* [Problem] Omitting all images, transcribe the listing word for word.

* [Given material]
________
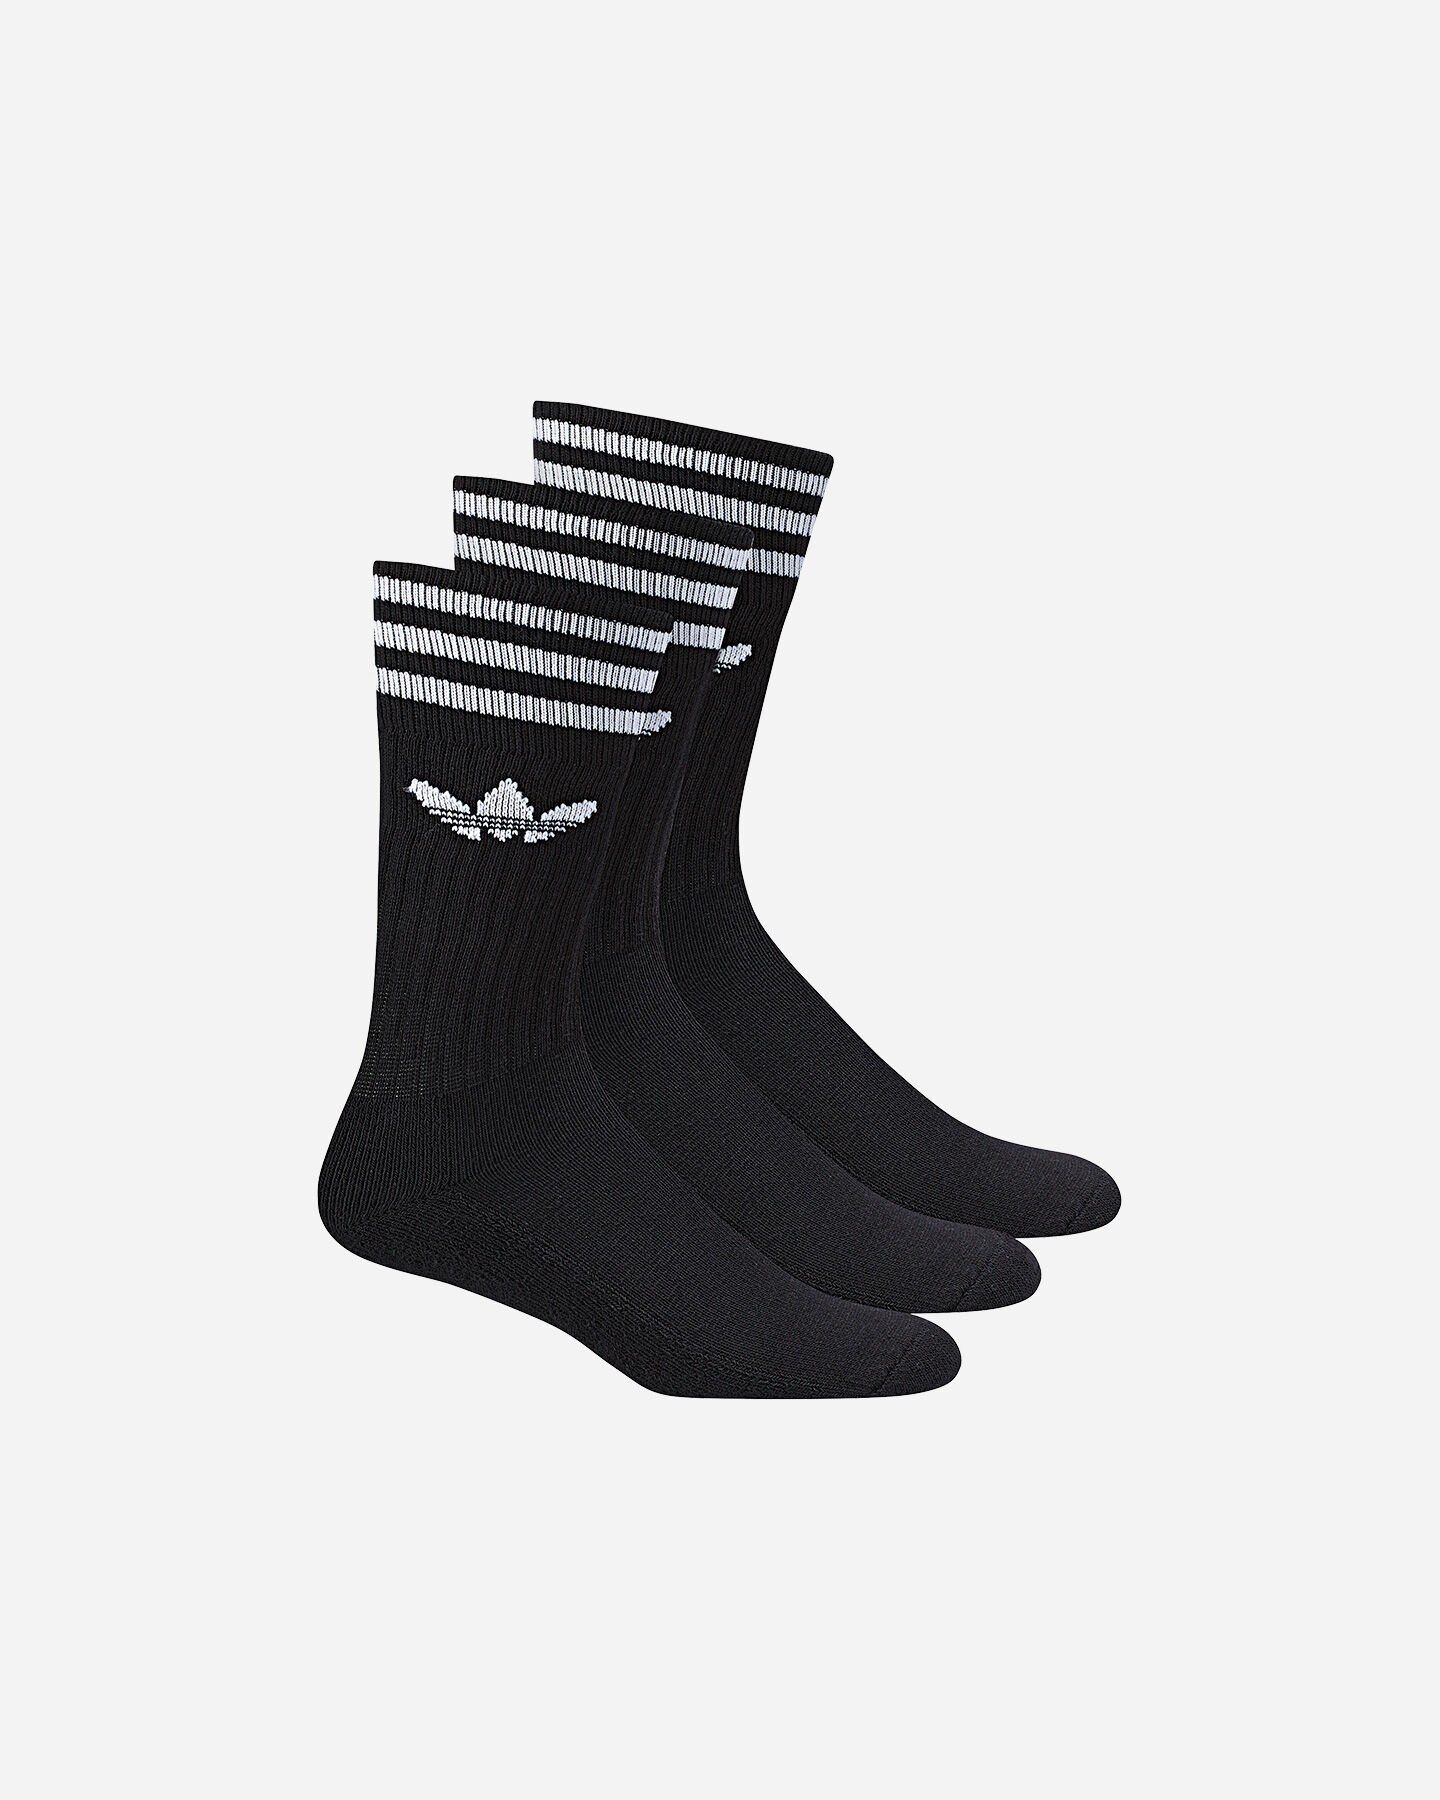  Calze ADIDAS SOLID CREW SOCK 3 PACK M S4008865|BLACK/WHIT|4346 scatto 0
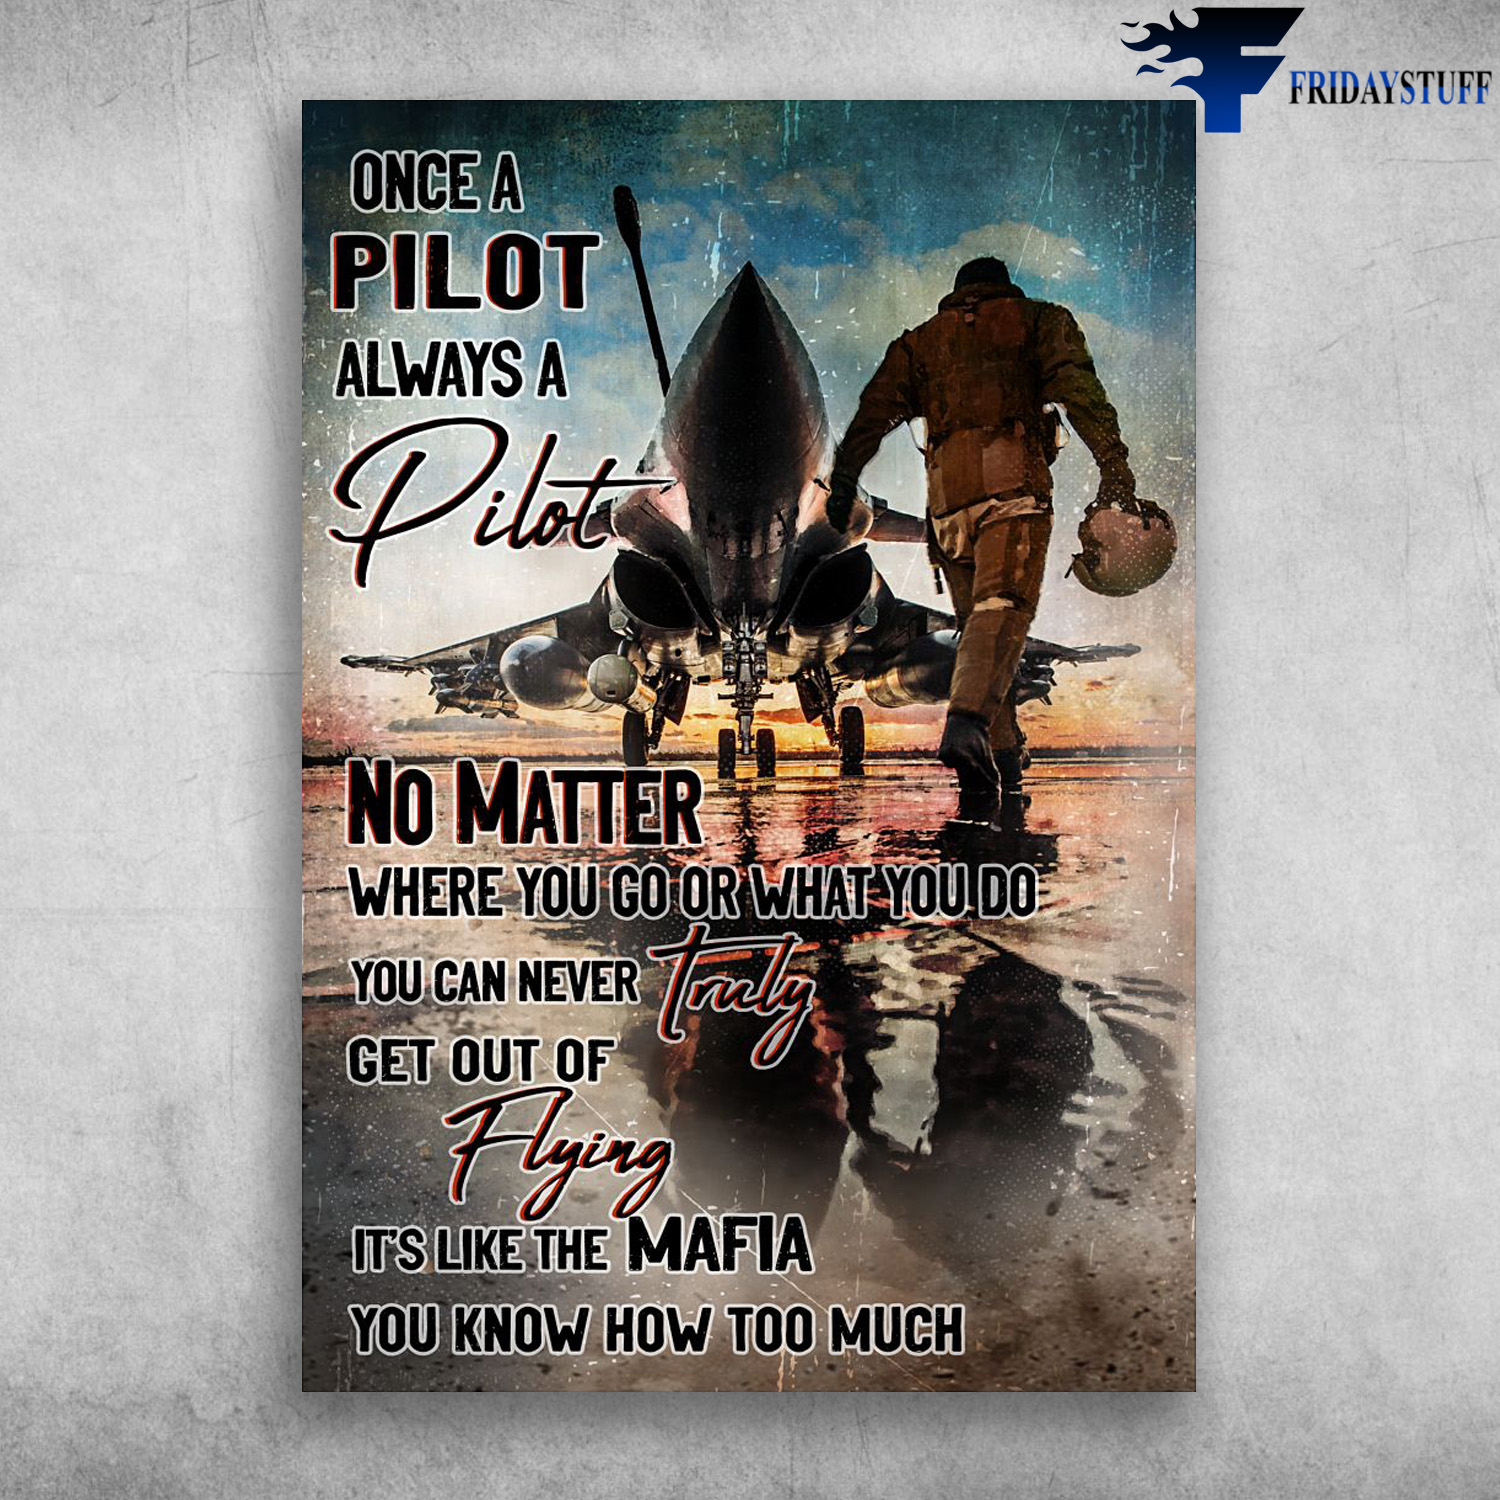 Pilot Man, Aircraft Pilot - Once A Pilot, Always A Pilot, No Matter Where You Go, Or What You Do, You Can Never Truly, Get Out Of Flying, It's Like The Mafia, You Know How Too Much
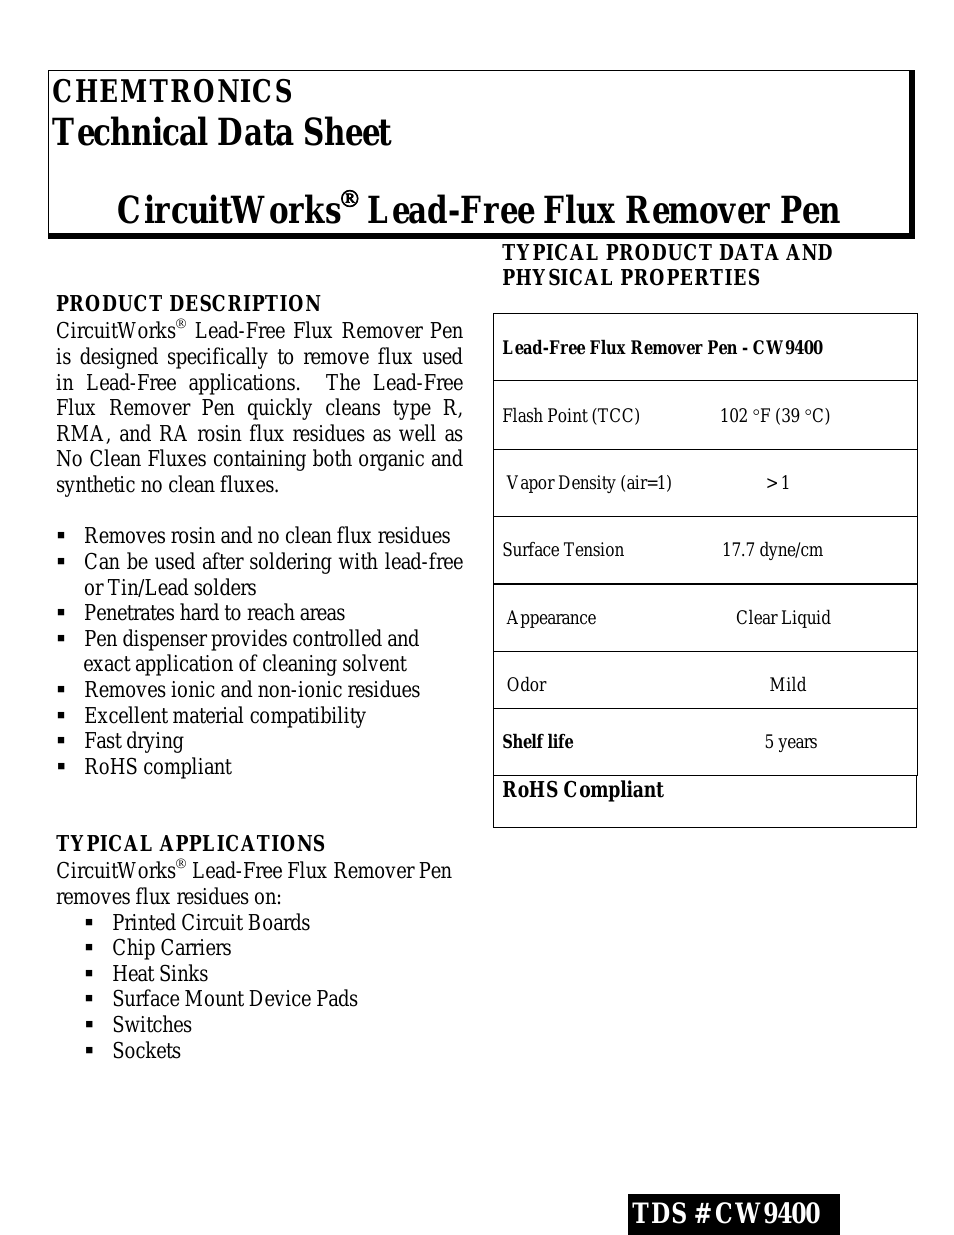 CircuitWorks® Lead-Free Flux Remover Pen CW9400
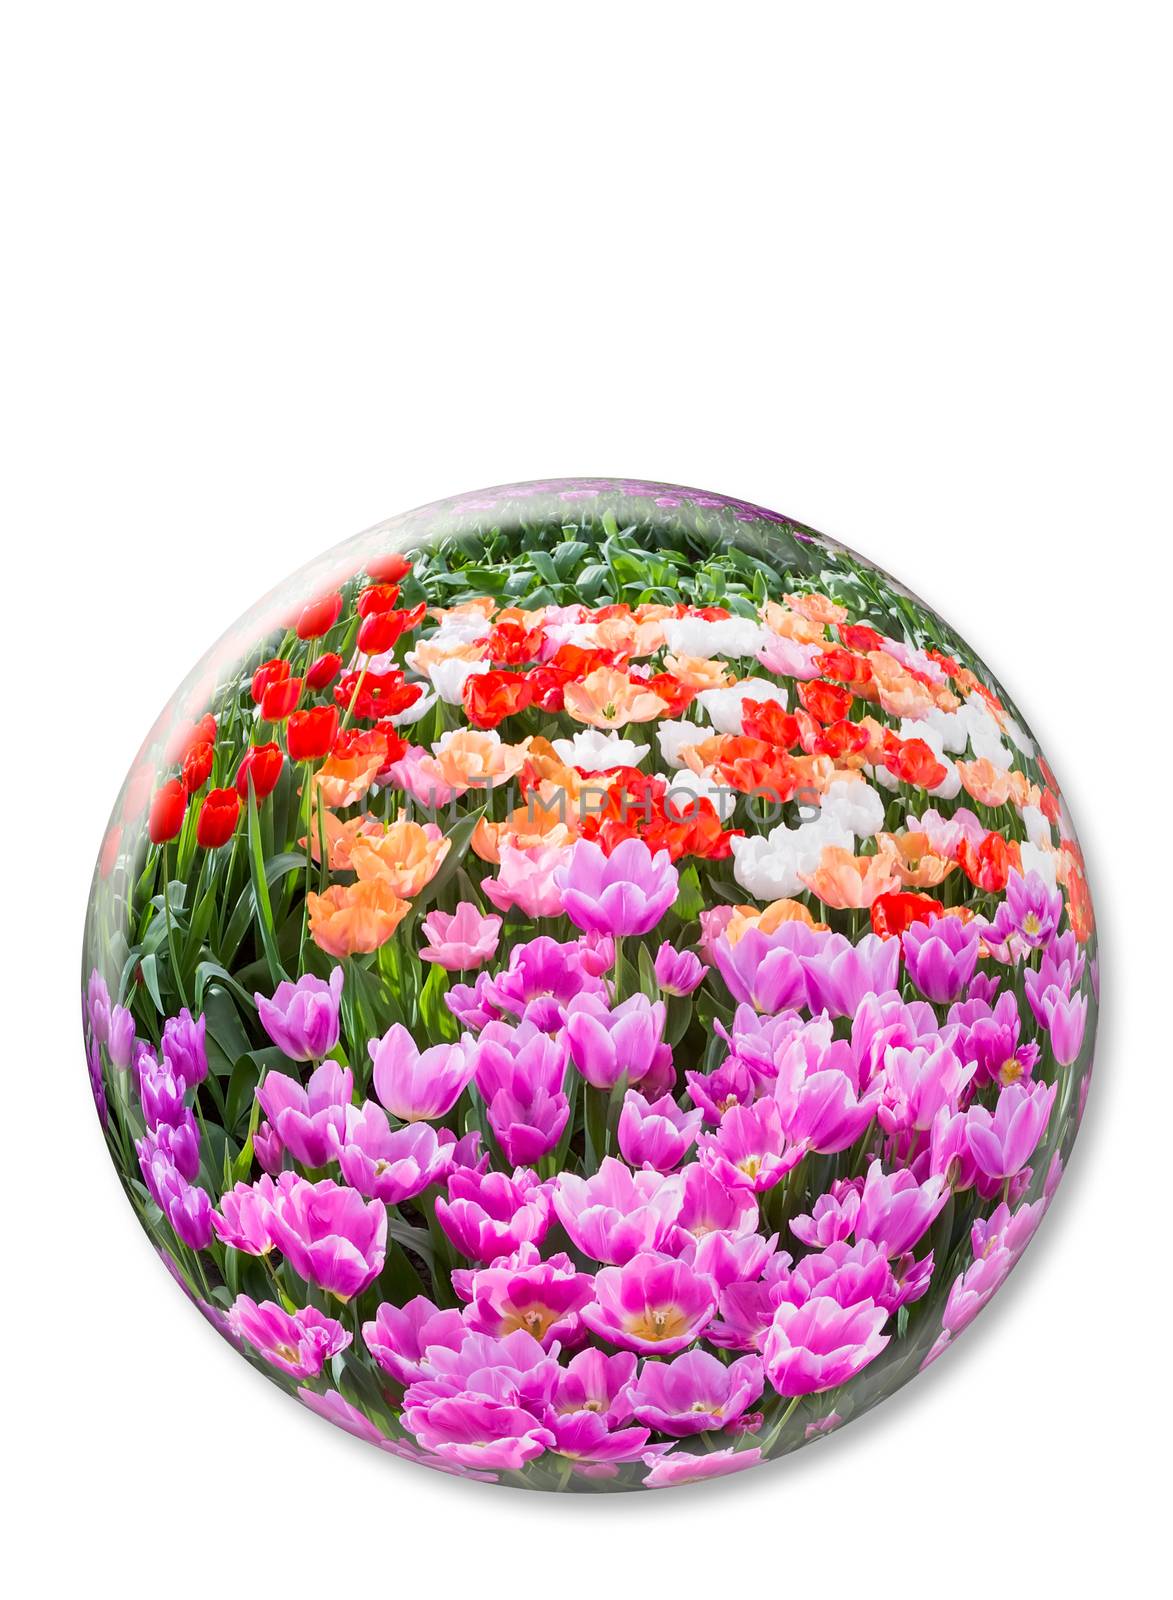 Crystal ball with various colored tulips on white background by BenSchonewille
________
* [The completed task]
  Calze ADIDAS SOLID CREW SOCK 3 PACK M S4008865|BLACK/WHIT|4346 scatto 0
 Pilot Man, Aircraft Pilot - Once A Pilot, Always A Pilot, No Matter Where You Go, Or What You Do, You Can Never Truly, Get Out Of Flying, It's Like The Mafia, You Know How Too Much
 CircuitWorks® Lead-Free Flux Remover Pen CW9400
 Crystal ball with various colored tulips on white background by BenSchonewille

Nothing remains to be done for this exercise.